My dear Miss Doane:

What mental blindness led me to give you such a book? What demon of perversity tempted you to send me such a review of Miss Addams’s Hull-House heresies? You know my abhorrence of our “kind-hearted materialism” (so you call it), yet you calmly write me a long panegyric on this last outbreak of humanitarian unrighteousness—unrighteousness, I say, vaunting materialism, undisciplined feminism, everything that denotes moral deliquescence. Of course I see the good, even the wise, things that are in the book, but why didn’t you expose the serpent that lurks under the flowers?

As a matter of fact, what is good in the book is old, what is bad is new. Do you suppose that this love of humanity which has practically grown into the religion of men,—do you suppose that this was not known to the world before? The necessity of union and social adhesion was seen clearly enough in the Middle Ages. The notion that morality, in its lower working at least, is dependent on a man’s relation to the community, was the basis of Aristotle’s Ethics, who made of it a catchword with his politikon zôon (your father will translate it for you as “a political animal”). The “social compunction” is as ancient as the heart of man. How could we live peacefully in the world without it? Literature has reflected its existence in a thousand different ways. Here and there it will be found touched with that sense of universal pity which we look upon as a peculiar mark of its present manifestation. In that most perfect of all Latin passages does not Virgil call his countryman blessed because he is not tortured by beholding the poverty of the city—

neque ille Aut doluit miserans inopem, aut invidit habenti?

And is not the Æneid surcharged with pitying love for mankind, “the sense of tears in mortal things”? So the life and words of St. Francis of Assisi are full of the breath of brotherly love—not brotherhood with all men merely, but with the swallows and the coneys, the flowers, and even the inanimate things of nature. And the letters of St. Catherine of Siena are aflame with passionate love of suffering men.

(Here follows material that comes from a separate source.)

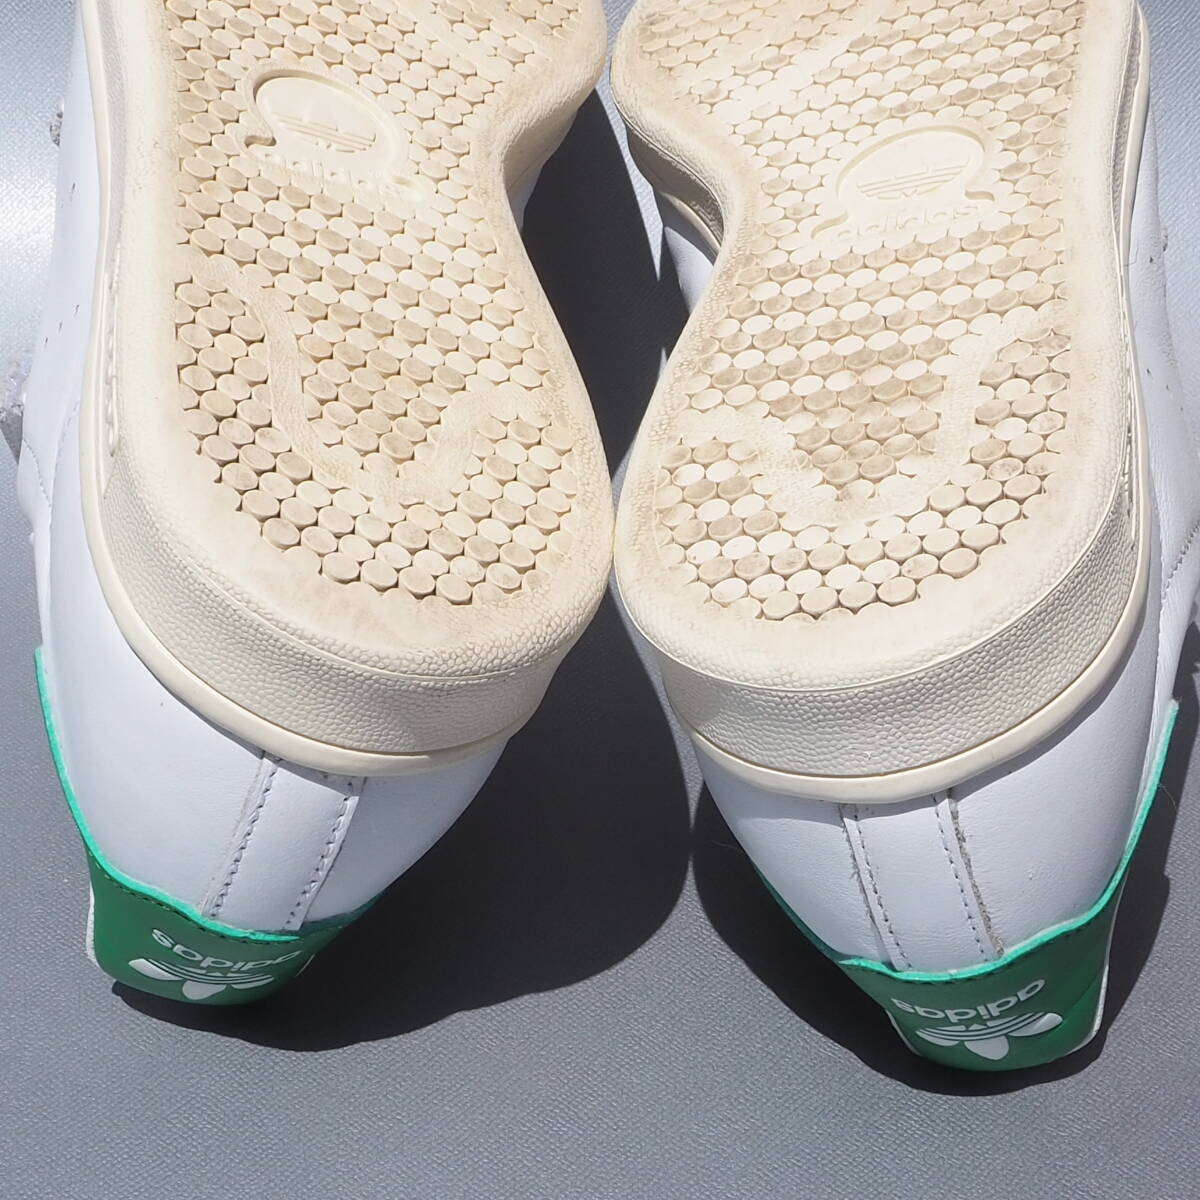  красивая вещь !! 2016 год выпуска  US8 / 26cm adidas originals FAST  белый ｘ зеленый   кожа  ...  липучка   Натуральная кожа

But there is something deplorably new in these more modern books, something which makes of humanitarianism a cloak for what is most lax and materialistic in the age. I mean their false emphasis, their neglect of the individual soul’s responsibility to itself, their setting up of human love in a shrine where hitherto we worshipped the image of God, their limiting of morality and religion to altruism. I deny flatly that “Democracy ... affords a rule of living as well as a test of faith,” as Miss Addams says; I deny that “to attain individual morality in an age demanding social morality, to pride one’s self on the results of personal effort when the time demands social adjustment, is utterly to fail to apprehend the situation”; I say we do not “know, at last, that we can only discover truth by rational and democratic interest in life.” Why did you quote these sentences with approval? There is no distinction between individual and social morality, or, if there is, the order is quite the other way. All this democratic sympathy and social hysteria is merely the rumour in the lower rooms of our existence. Still to-day, as always, in the upper chamber, looking out on the sky, dwells the solitary soul, concerned with herself and her God. She passes down now and again into the noise and constant coming and going of the lower rooms to speak a word of encouragement or admonition, but she returns soon to her own silence and her own contemplation. (The heart of a St. Anthony in the desert of Egypt, the heart of many a lonely Hindu sage knows a divine joy of communication of which Hull House with its human sympathies has no conception.) Morality is the soul’s debt to herself.

It is a striking and significant fact that these humanitarians are continually breaking the simplest rules of honesty and decent living. Rousseau, the father of them all, sending his children (the children of his body, I mean) to the foundling asylum, is a notorious example of this; and John Howard is another. I have in my own experience found these people impossible to live with.

Let me illustrate this tendency to forget the common laws of personal integrity by allusion to a novel which comes from another college-settlement source. It is a story called, I think, The Burden of Christopher, published three or four years ago,—a clever book withal and rather well written. The plot is simple. A young man, just from his university, inherits a shoe factory which, being imbued with college-settlement sentimentalism, he attempts to operate in accordance with the new religion. Business is dull and he is hard-pressed by competitive houses. An old lady has placed her little fortune in his hands to be held in trust for her. To prevent the closing down of his factory and the consequent distress of his people, he appropriates this trust money for his business. In the end he fails, the crash comes, and, as I recollect it, he commits suicide. All well and good; but in a paragraph toward the end of the book, indeed by the whole trend of the story, we discover that the humanitarian sympathy which led the hero to sacrifice his individual integrity for the weal of his work-people is a higher law in the author’s estimation than the old moral sense which would have made his personal integrity of the first importance to himself and to the world.

I submit to you, my dear reviewer, that such notions are subversive of right thinking and are in fact the poisonous fruit of an era which has relaxed its hold on any ideal outside of material well-being. For that reason when I read in Miss Addams’s book such words as these, “Evil does not shock us as it once did,” I am filled with anger. I wonder at the blindness of the age when I read further such a perversion of truth as this: “We have learned since that time to measure by other standards, and have ceased to accord to the money-earning capacity exclusive respect.”—Have we?